*** DATASET RECORDS ***

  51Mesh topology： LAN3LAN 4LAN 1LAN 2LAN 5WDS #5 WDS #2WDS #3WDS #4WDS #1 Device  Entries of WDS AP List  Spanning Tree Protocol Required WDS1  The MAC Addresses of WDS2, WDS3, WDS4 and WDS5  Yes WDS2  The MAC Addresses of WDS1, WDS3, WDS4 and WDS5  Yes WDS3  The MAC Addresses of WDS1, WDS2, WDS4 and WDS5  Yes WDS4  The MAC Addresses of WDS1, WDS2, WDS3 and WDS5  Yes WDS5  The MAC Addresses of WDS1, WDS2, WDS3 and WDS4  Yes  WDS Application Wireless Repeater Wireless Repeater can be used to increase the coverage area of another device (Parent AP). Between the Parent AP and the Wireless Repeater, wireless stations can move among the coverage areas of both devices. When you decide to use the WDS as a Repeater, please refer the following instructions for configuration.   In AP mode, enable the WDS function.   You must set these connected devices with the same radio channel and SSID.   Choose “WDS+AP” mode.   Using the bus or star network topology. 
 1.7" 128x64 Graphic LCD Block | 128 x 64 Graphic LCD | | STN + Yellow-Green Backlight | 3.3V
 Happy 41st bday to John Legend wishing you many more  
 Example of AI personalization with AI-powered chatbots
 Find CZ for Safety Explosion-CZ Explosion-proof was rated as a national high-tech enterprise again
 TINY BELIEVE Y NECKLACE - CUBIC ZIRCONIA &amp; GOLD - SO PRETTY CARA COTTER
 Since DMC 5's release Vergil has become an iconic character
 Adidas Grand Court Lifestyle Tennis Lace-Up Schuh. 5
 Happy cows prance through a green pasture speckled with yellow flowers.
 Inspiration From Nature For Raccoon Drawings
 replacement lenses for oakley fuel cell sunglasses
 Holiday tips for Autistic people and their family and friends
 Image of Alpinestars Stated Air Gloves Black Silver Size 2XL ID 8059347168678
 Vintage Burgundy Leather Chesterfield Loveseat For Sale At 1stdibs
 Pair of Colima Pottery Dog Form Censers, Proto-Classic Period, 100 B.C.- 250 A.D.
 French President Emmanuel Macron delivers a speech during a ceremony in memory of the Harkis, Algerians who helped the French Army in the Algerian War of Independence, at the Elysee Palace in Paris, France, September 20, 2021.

***

## EXERCISE BRIEF
Starting at the line that contains "Vintage Burgundy Leather", write out every line to the end of the entries, exactly as given.

## ANSWER TO THIS TASK
 Vintage Burgundy Leather Chesterfield Loveseat For Sale At 1stdibs
 Pair of Colima Pottery Dog Form Censers, Proto-Classic Period, 100 B.C.- 250 A.D.
 French President Emmanuel Macron delivers a speech during a ceremony in memory of the Harkis, Algerians who helped the French Army in the Algerian War of Independence, at the Elysee Palace in Paris, France, September 20, 2021.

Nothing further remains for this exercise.